▸ **THE DATA**:
=-=-=-=-=

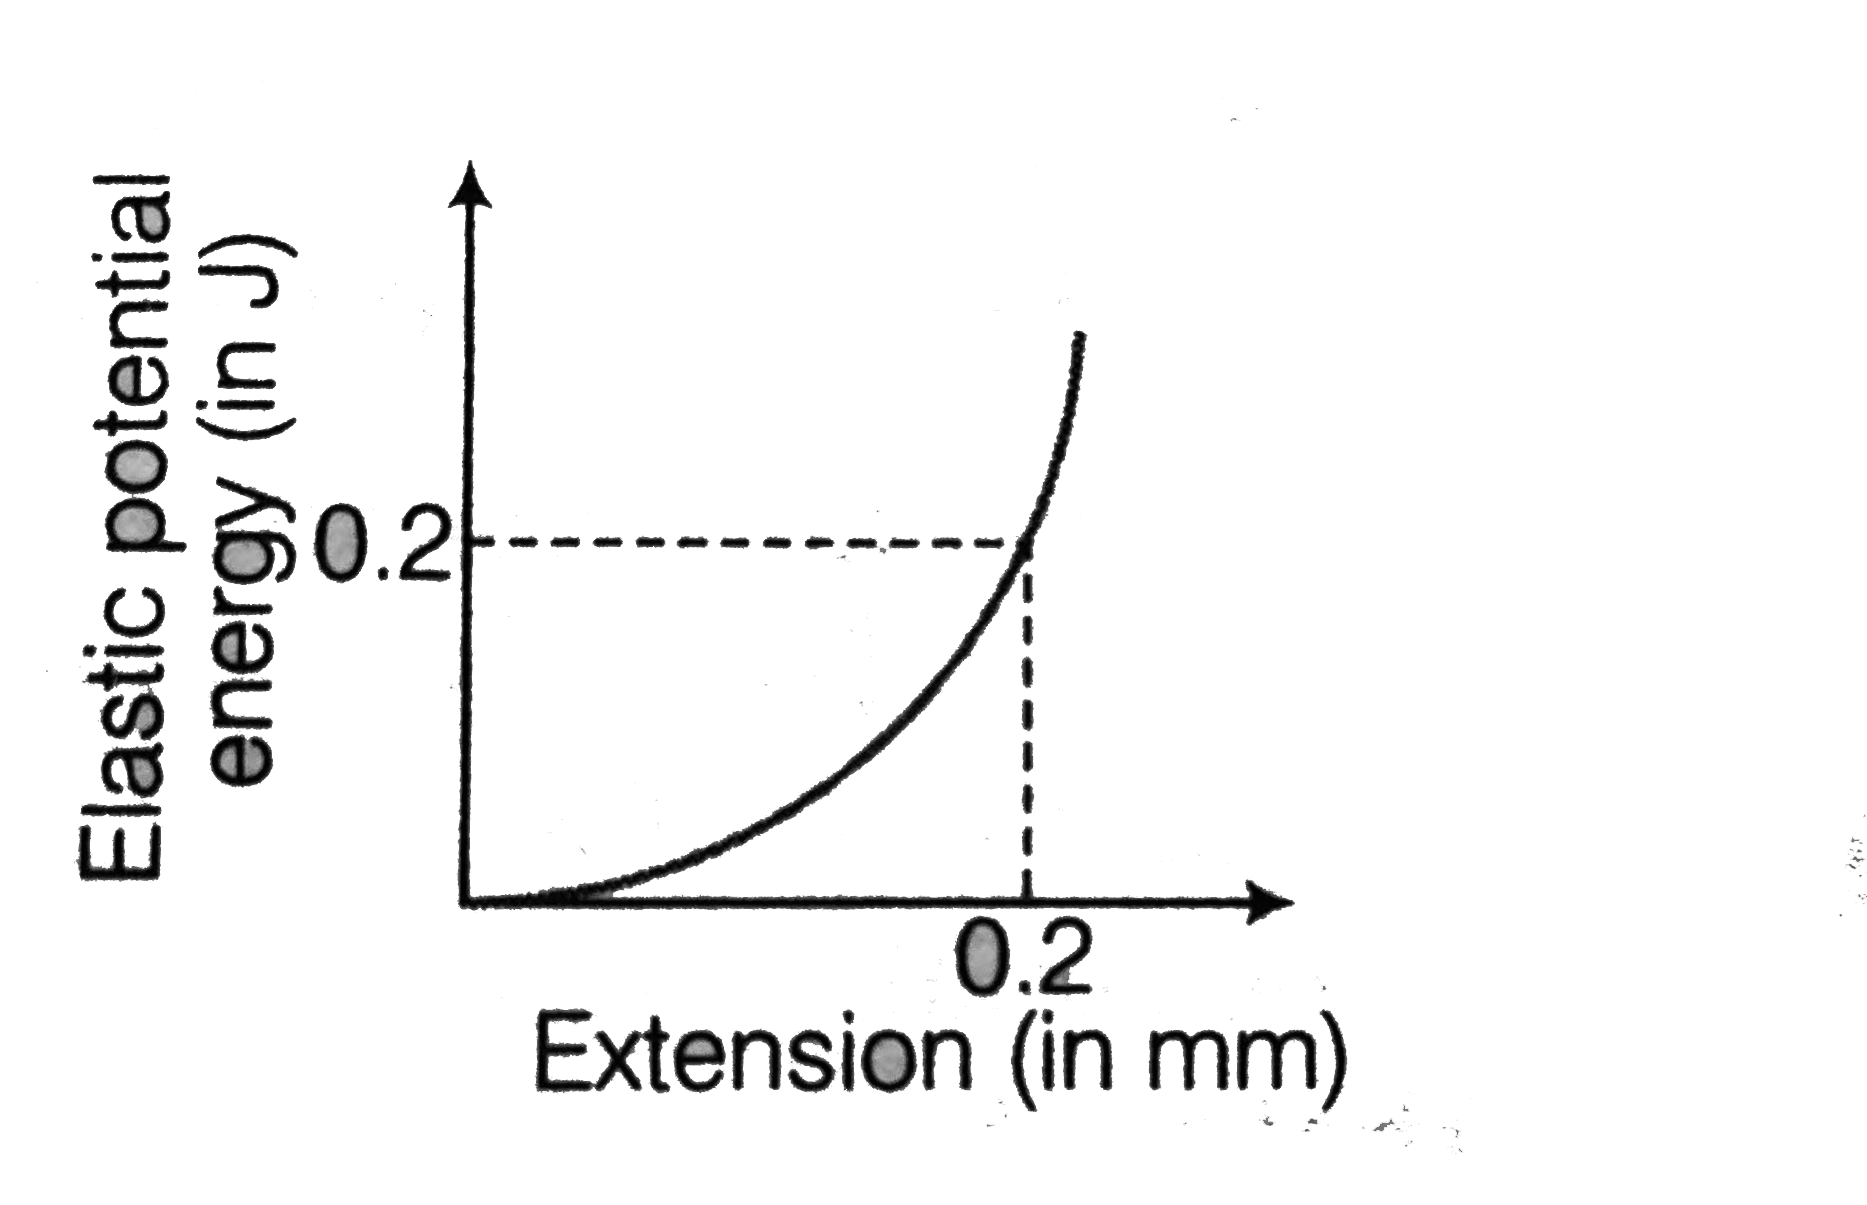 Figure shows the graph of elastic potential energy  (U)  stored versus extension, for a steel wire (Y = 2xx10^(11) Pa) of volume 200 c c. If area of cross- section  A and original length L, then
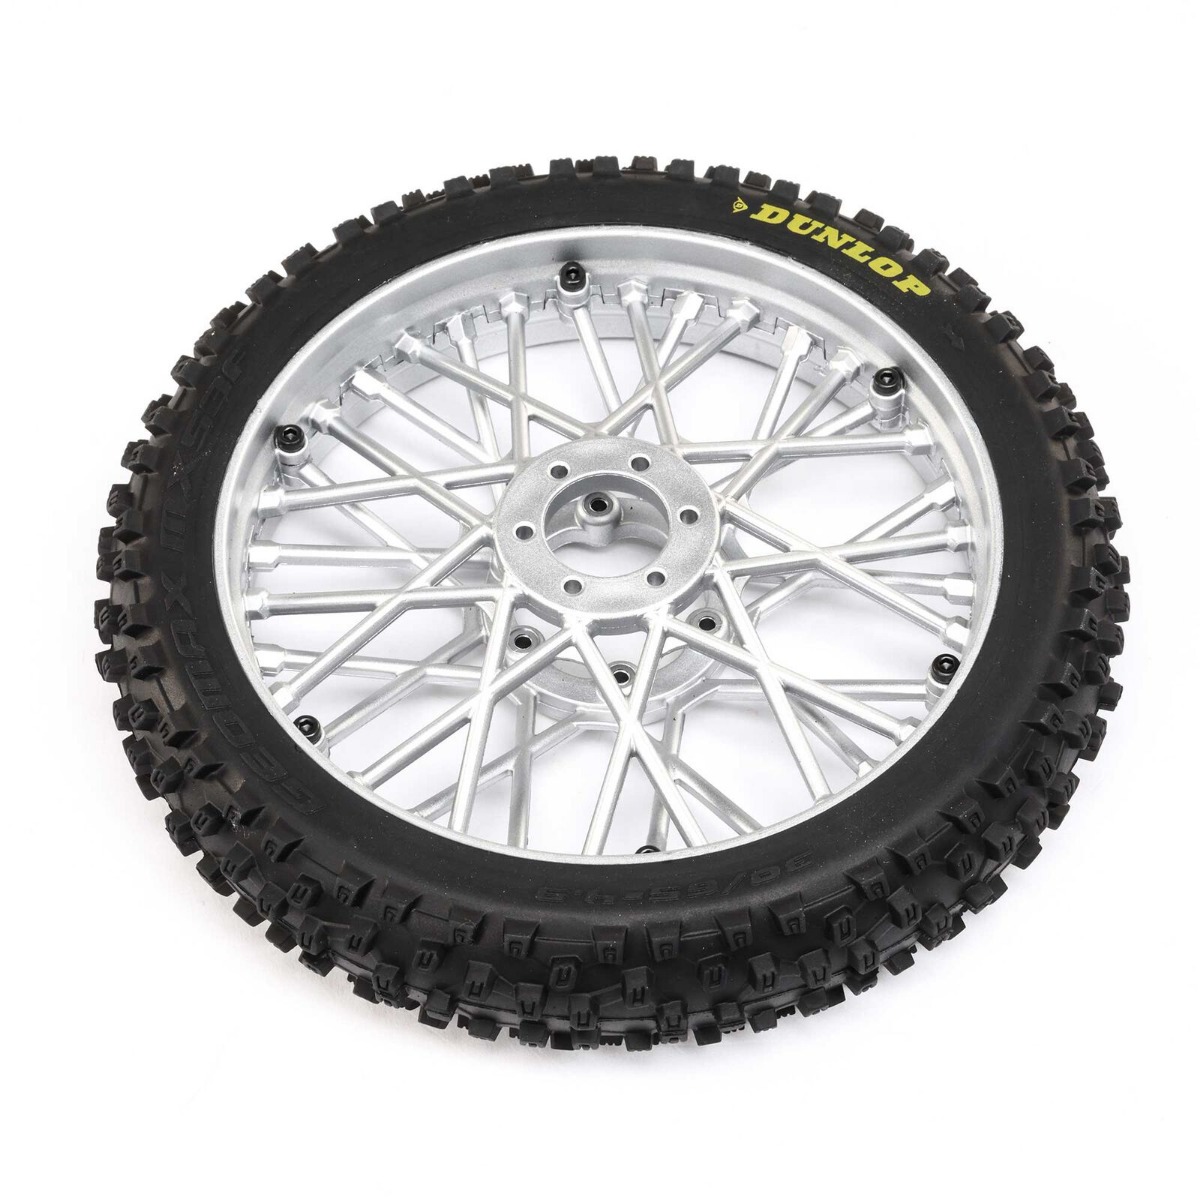 Losi - Dunlop MX53 Front Tire Mounted, Chrome: Promoto-MX (LOS46006)
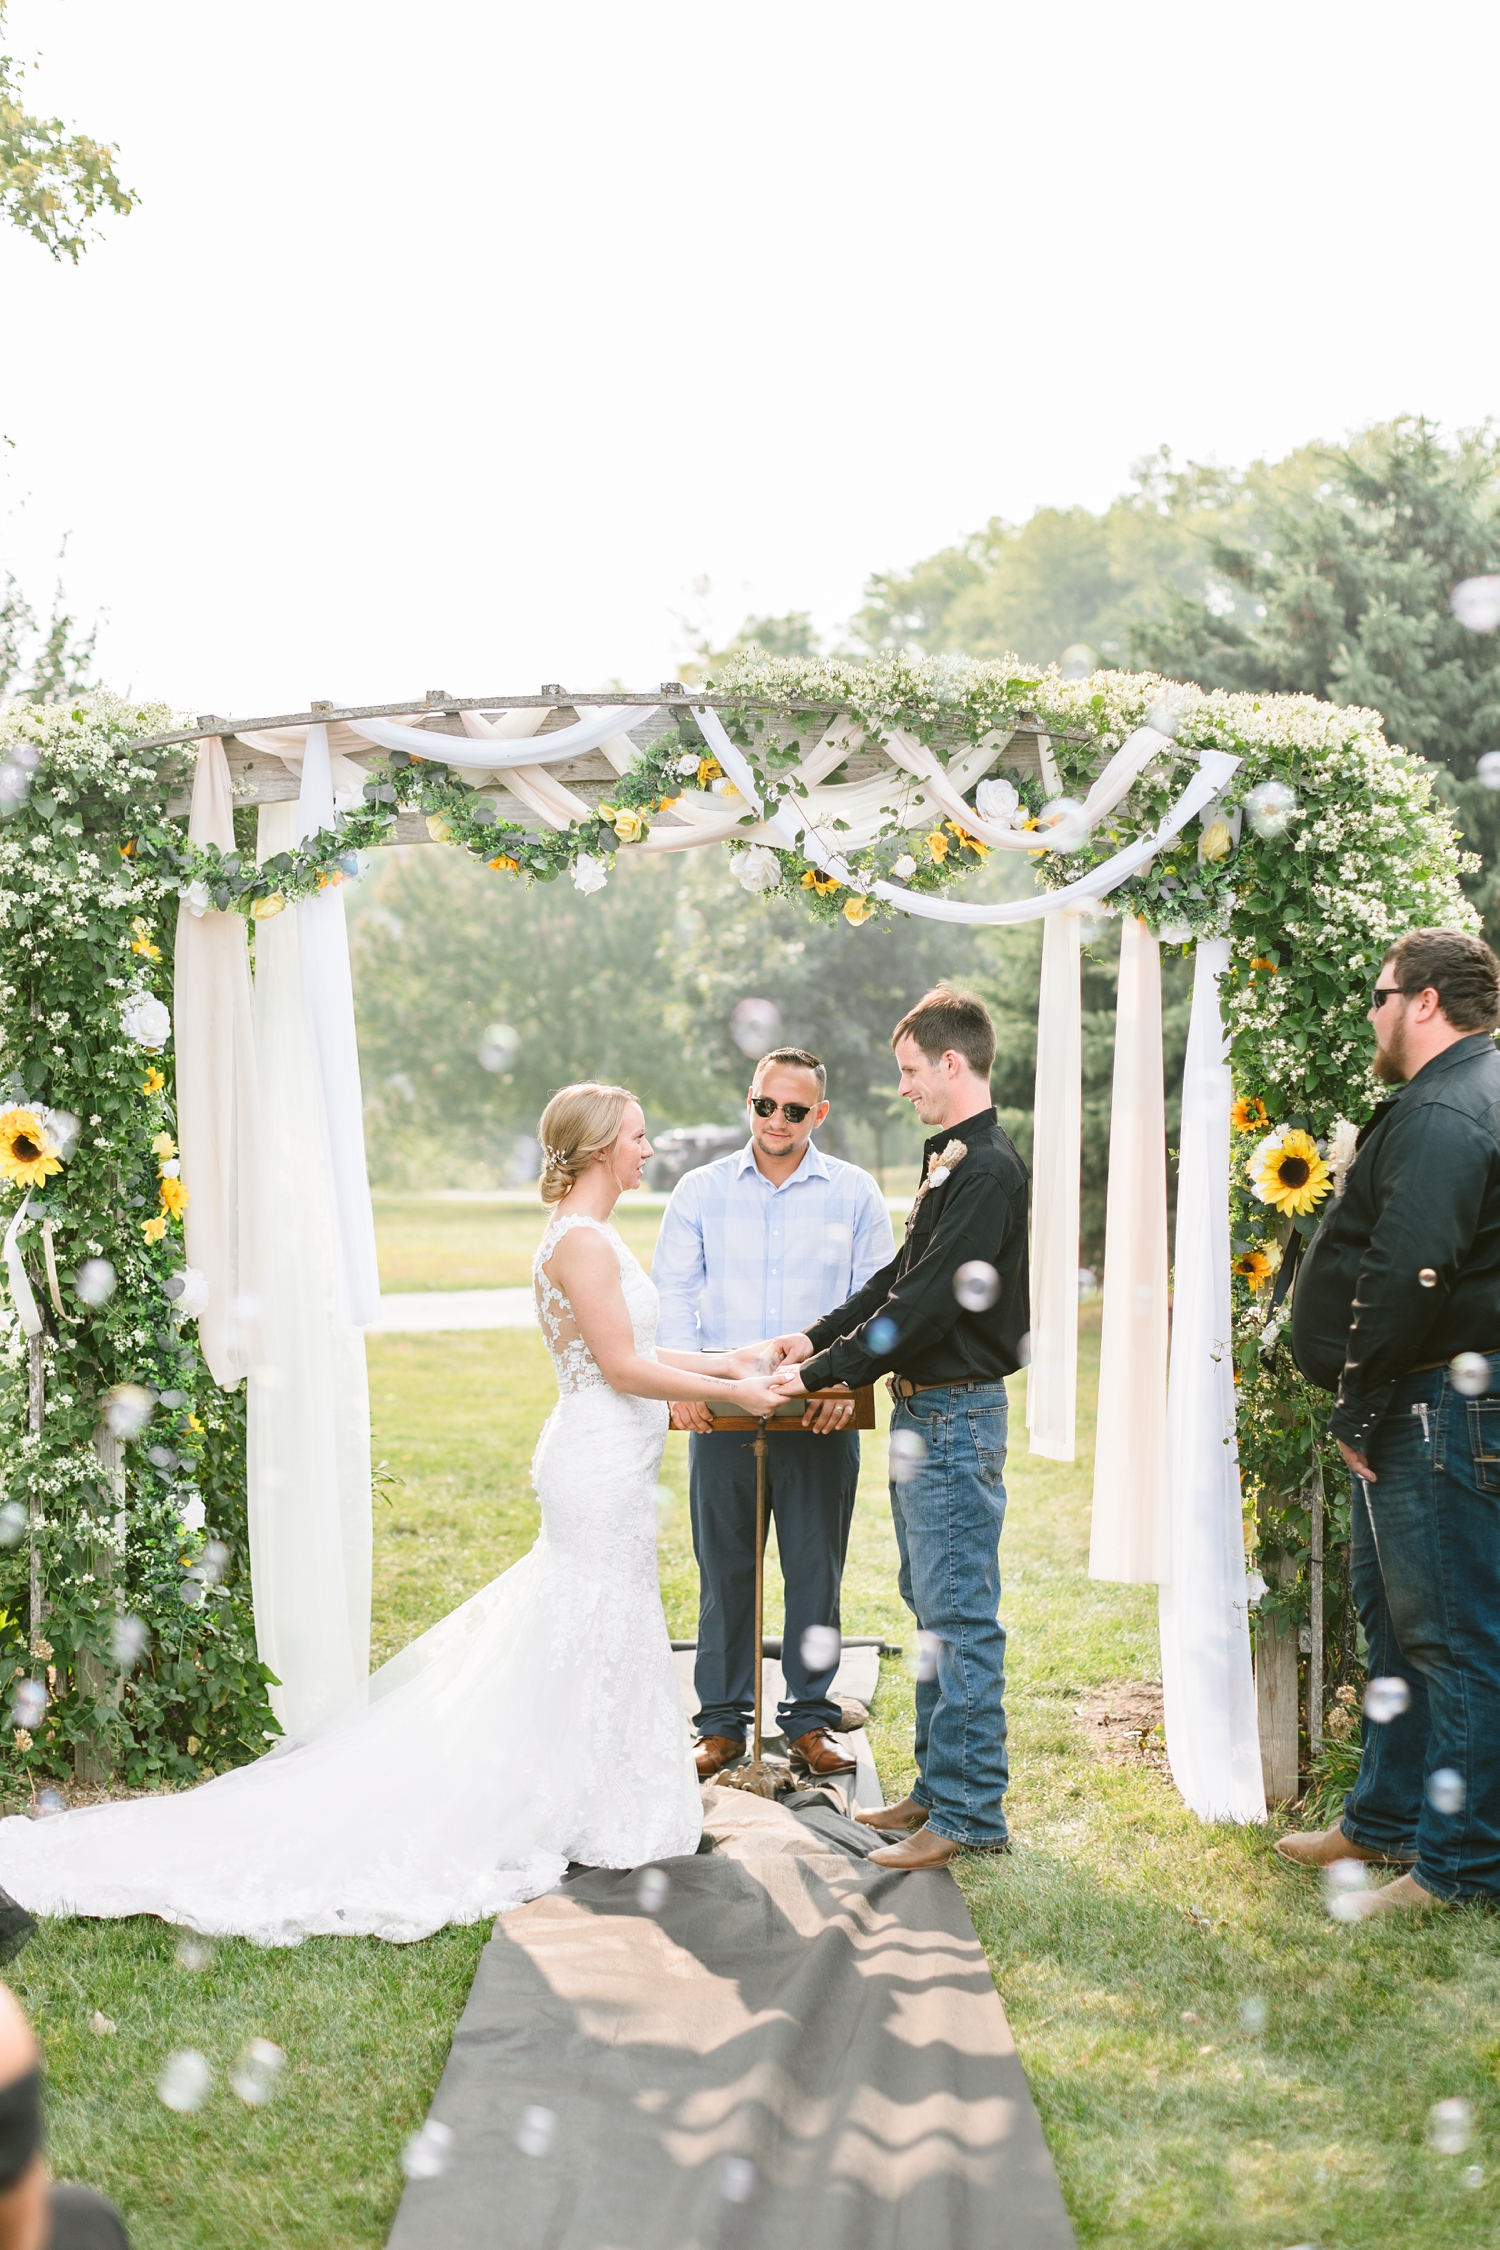 Mckennan and Zane say their wedding vows surrounded by bubbles beneath a floral gazebo arch with draping fabrics in the garden space at the Humboldt County Museum | CB Studio

=-=-=-=-=

▸ **HOW TO COMPLETE THIS TASK**: With pictures omitted, reproduce exactly the lines from the line containing "Losi - Dunlop" through the end of the data above.

▸ **ANSWER SPACE**:
 Losi - Dunlop MX53 Front Tire Mounted, Chrome: Promoto-MX (LOS46006)
 Mckennan and Zane say their wedding vows surrounded by bubbles beneath a floral gazebo arch with draping fabrics in the garden space at the Humboldt County Museum | CB Studio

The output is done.